From \(t\)-tests to ANOVA

From two groups to four

Before the break we compared two cattle breeds. But what if there were four breeds instead of two?

  • Can we still use \(t\)-tests? Yes, but we would need to test every pair
  • With 4 groups that is \(\binom{4}{2} = 6\) comparisons: 1 vs 2, 1 vs 3, 1 vs 4, 2 vs 3, 2 vs 4, 3 vs 4

The problem: every test carries a risk of a Type I error (a false positive).

  • We set \(\alpha = 0.05\), so each comparison has a 5% chance of rejecting \(H_0\) when it is actually true
  • Six tests means six chances to get it wrong

The multiple comparisons problem

With 6 groups there are \(\binom{6}{2} = 15\) pairwise comparisons. The probability that none produce a false positive is \(0.95^{15}\), so:

\[P(\text{at least one false positive}) = 1 - 0.95^{15} = 53.7\%\]

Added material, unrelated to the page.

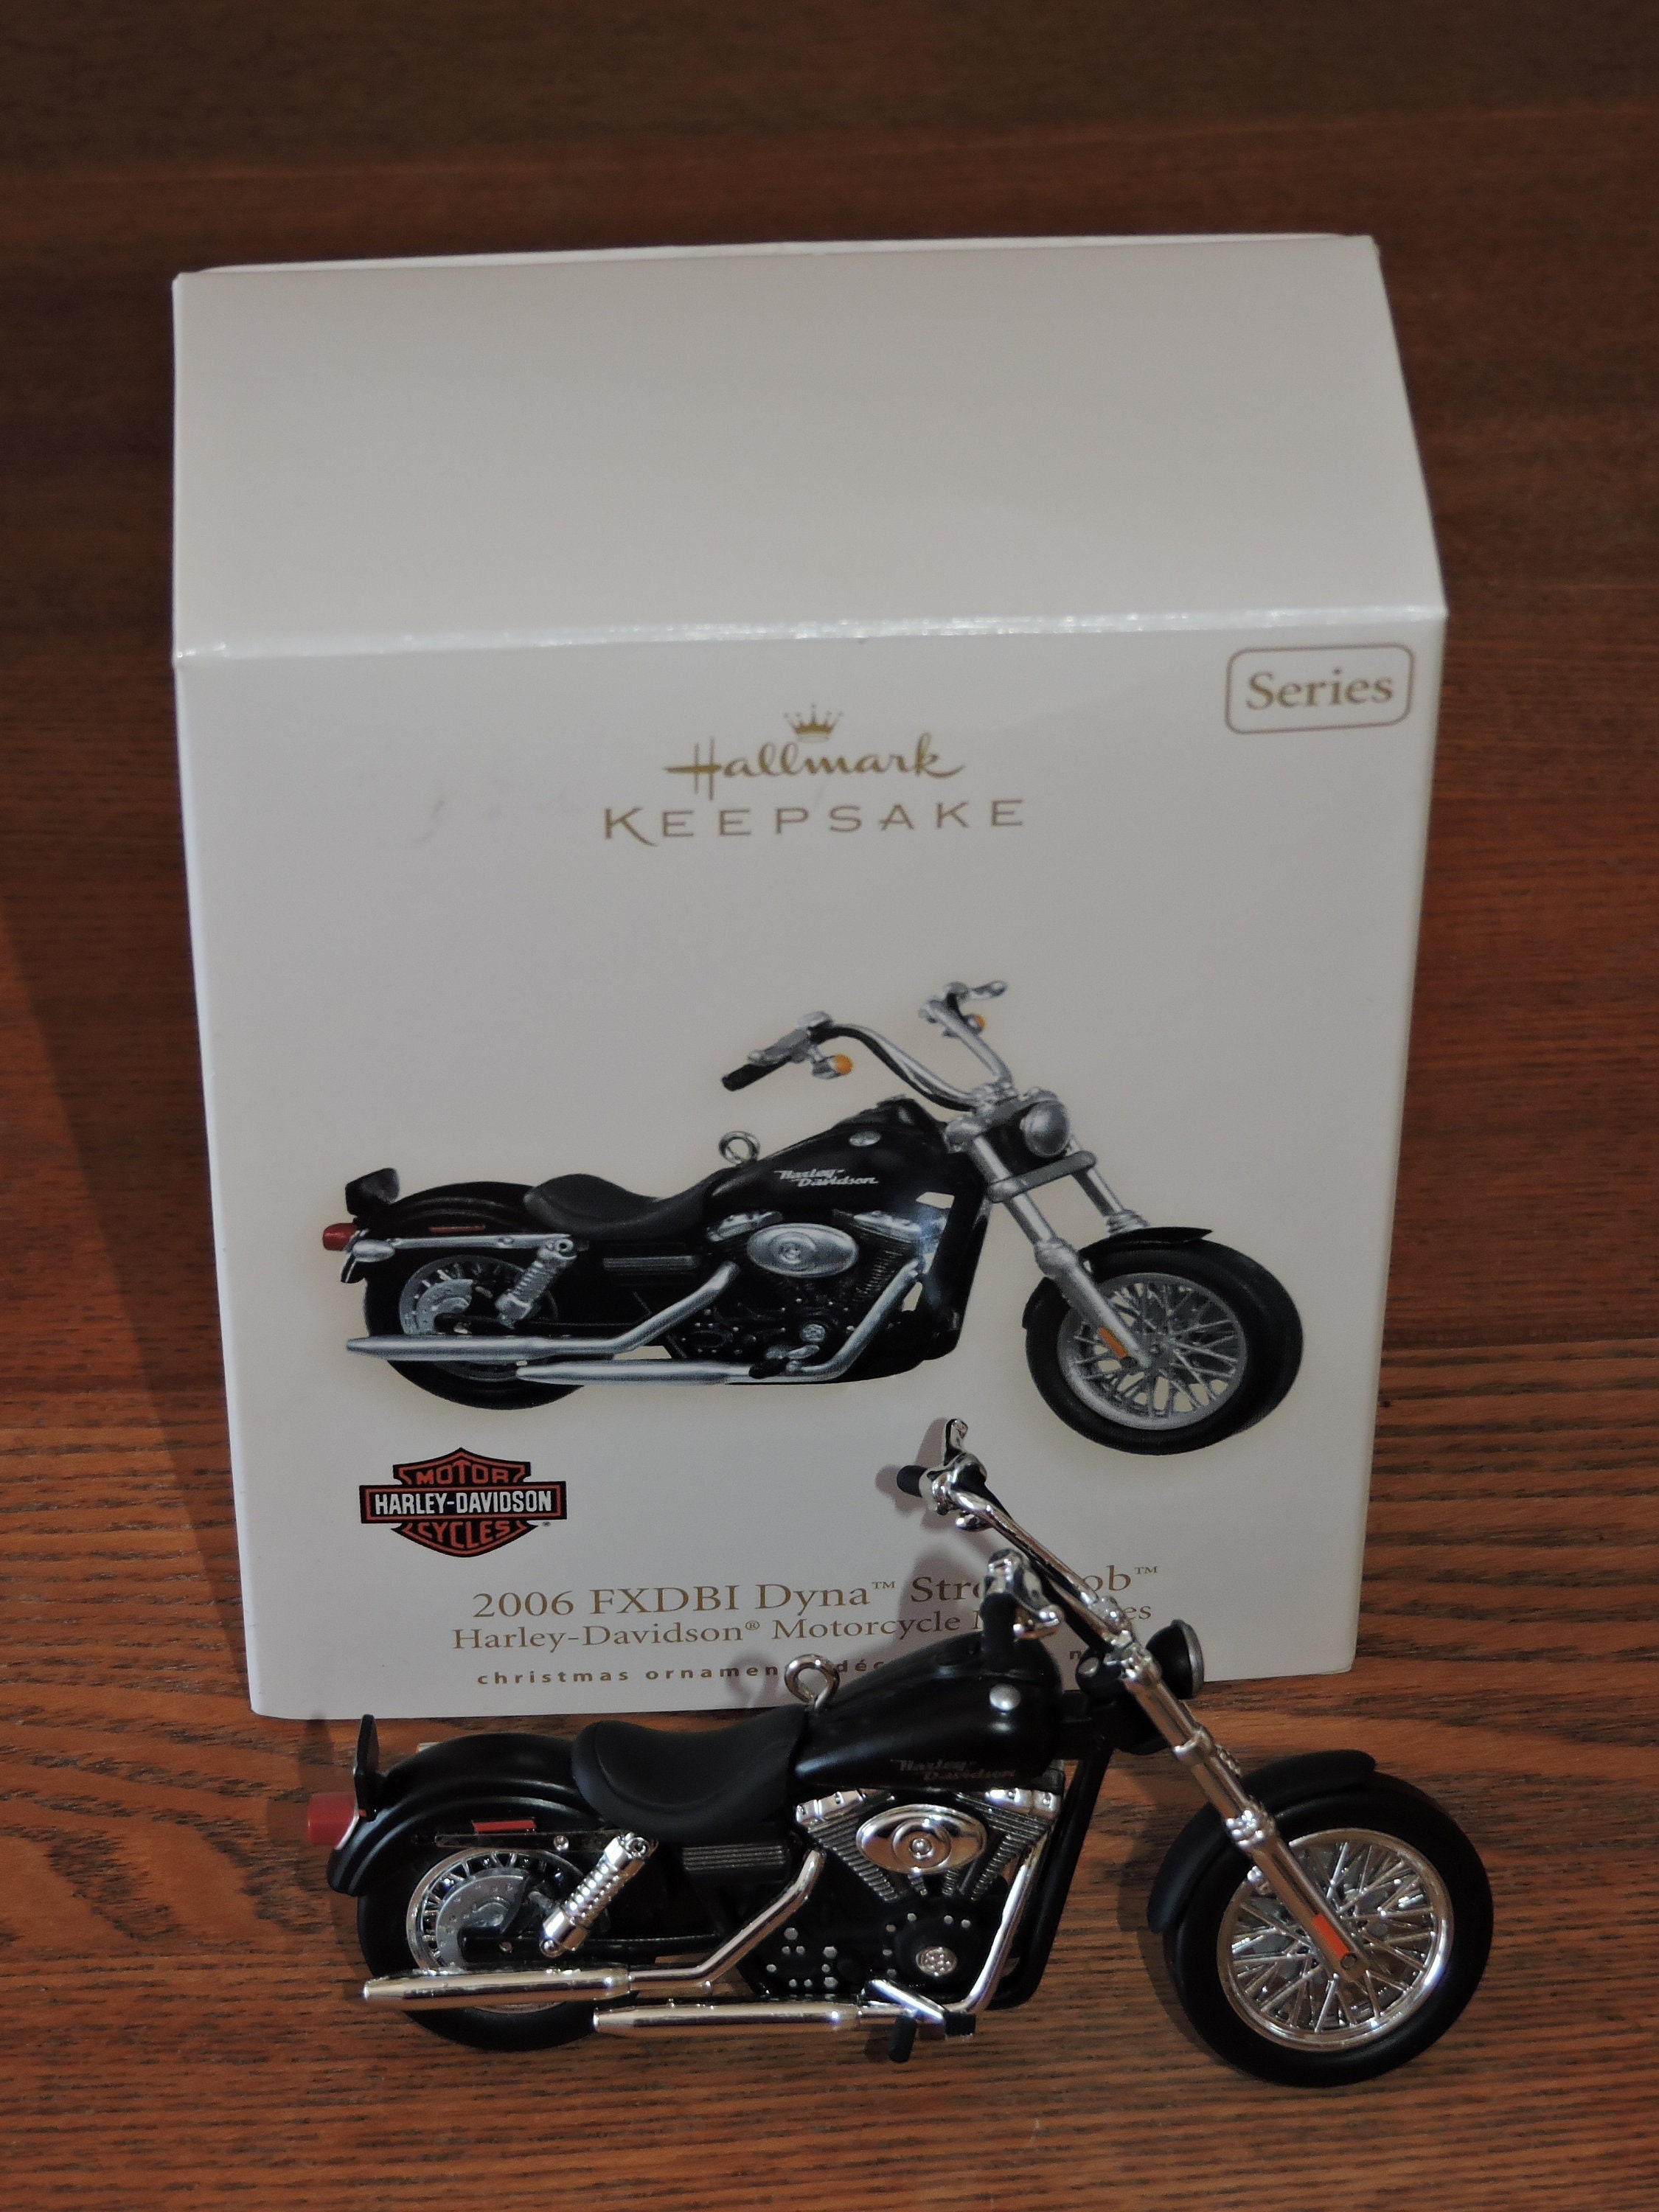 2006 Hallmark Miniature Harley Davidson Motorcycle Christmas

Groups Pairwise tests P(at least one false positive)
2 1 5.0%
4 6 26.5%
6 15 53.7%
8 28 76.2%
10 45 90.1%
  • With 10 groups, a false positive is almost guaranteed
  • We need a method that tests all groups at once

Chick feeding

The experiment

We need a method that handles more than two groups. Consider a new experiment:

  • 20 chicks are randomly assigned to one of 4 diets
  • 5 replicates per diet
  • Response: weight gain (g)
chicks <- read.csv("data/chicks.csv") |>
  pivot_longer(
    starts_with("Diet"), names_to = "diet", values_to = "weight"
  ) |>
  mutate(diet = as.factor(diet))

Are there differences?

Code
ggplot(chicks, aes(diet, weight)) +
  geom_boxplot() +
  labs(x = "Diet", y = "Weight gain (g)") +
  cowplot::theme_cowplot()

What do the boxplots suggest?

Terminology

Term Meaning In this experiment
Factor Categorical variable being tested Diet
Levels Categories within a factor Diet 1, Diet 2, Diet 3, Diet 4
Replicates Observations per level \(r = 5\)

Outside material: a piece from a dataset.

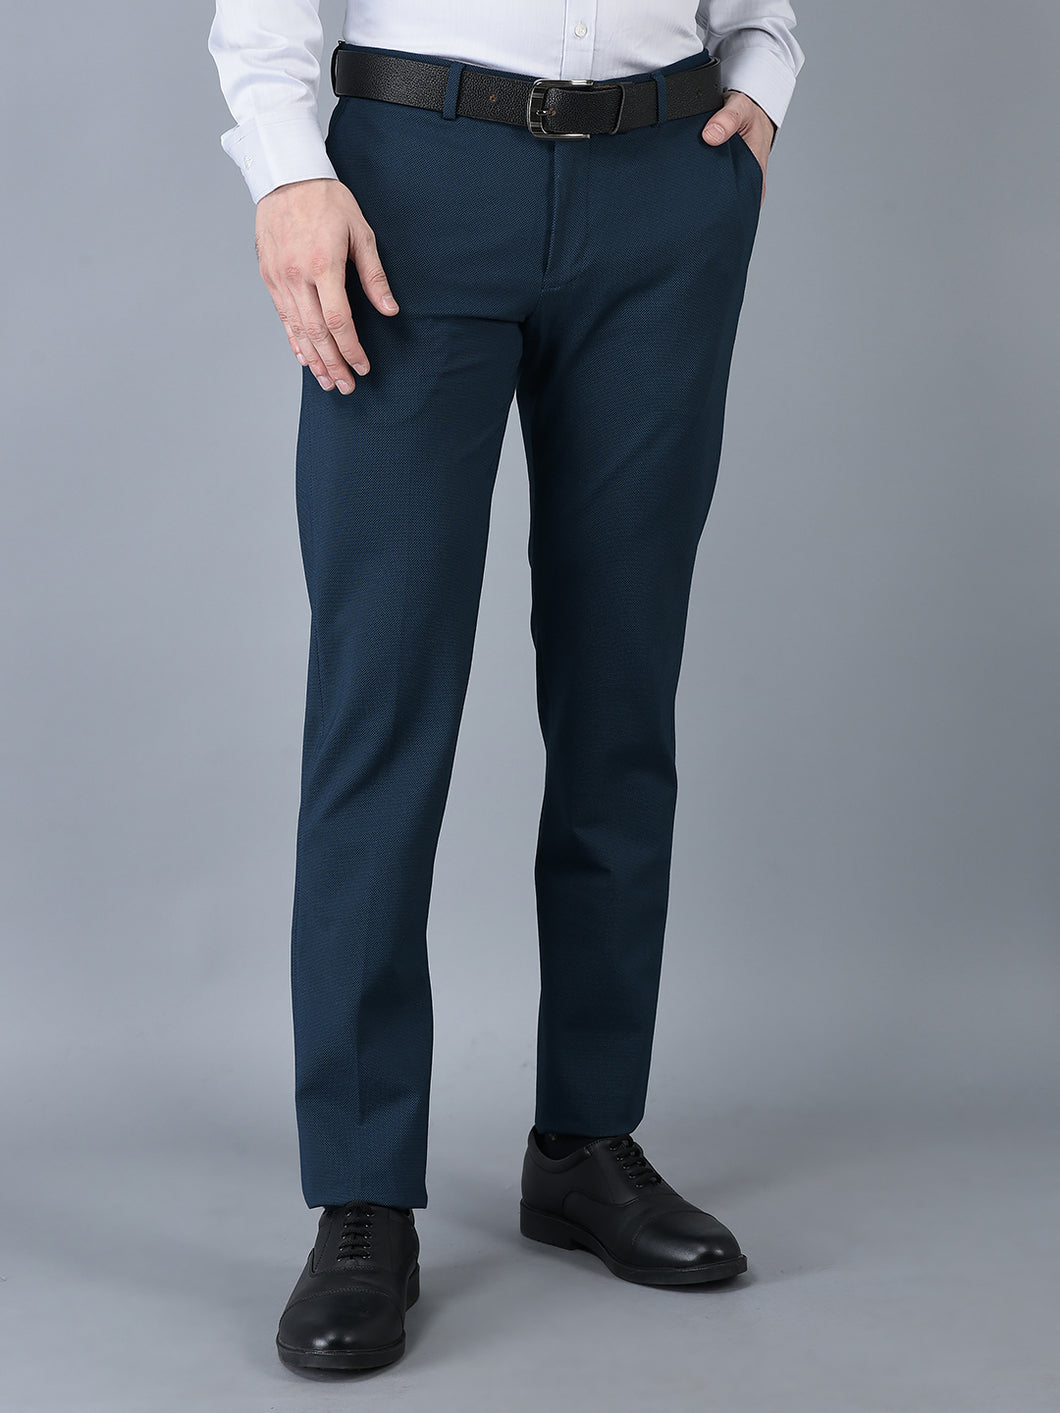 CANOE MEN Formal Trouser  Two Front Pocket And Two Back Pocket
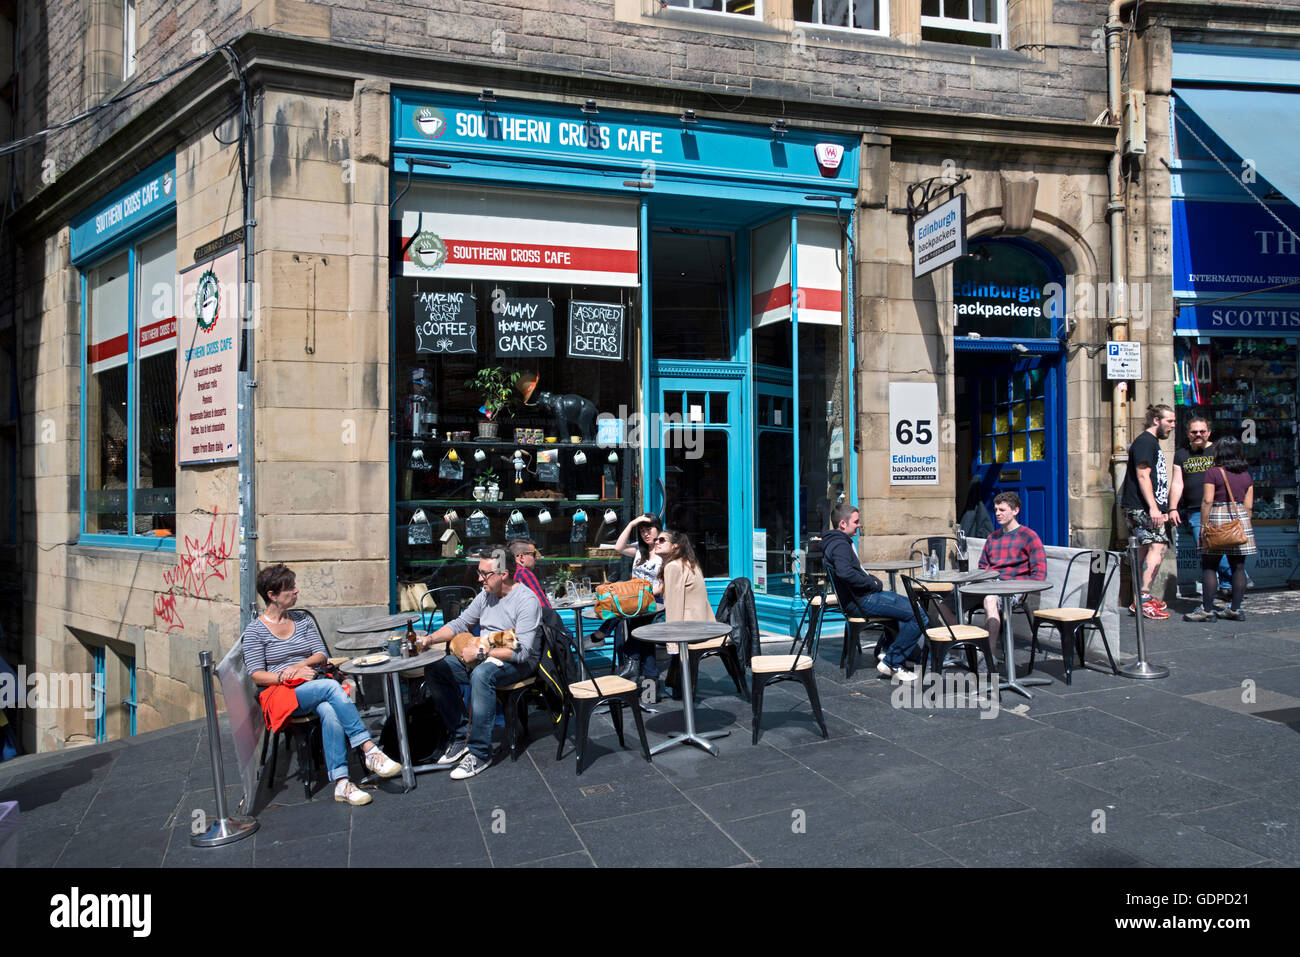 Diners outside the Southern Cross Cafe in Edinburgh's Cockburn Street enjoying the Summer sunshine. Stock Photo

This is a one-way ANOVA because there is only one factor. What is ANOVA?

HATPC for Analysis of Variance

H: Hypotheses

In the \(t\)-test we asked whether two means were equal. ANOVA extends this to any number of groups.

  • Null hypothesis: \(H_0: \mu_1 = \mu_2 = \mu_3 = \mu_4\)
  • Alternative hypothesis: \(H_1:\) not all \(\mu_i\) are equal

The alternative does not say all means differ. It says at least two do.

Model equation:

\[y_{ij} = \mu_i + \varepsilon_{ij}\]

where \(i = 1, \ldots, t\) treatments and \(j = 1, \ldots, n_i\) replicates. The same structure as the \(t\)-test model, but \(i\) now ranges over more than two groups.

A: Assumptions

The same three assumptions from the \(t\)-test apply here. We fit the model first, then check.

model <- aov(weight ~ diet, data = chicks)

Normality (Shapiro-Wilk on residuals):

Code
shapiro.test(residuals(model))

    Shapiro-Wilk normality test

data:  residuals(model)
W = 0.90961, p-value = 0.06265

\(p > 0.05\): no evidence against normality.

Equal variances (Bartlett’s test):

Code
bartlett.test(weight ~ diet, data = chicks)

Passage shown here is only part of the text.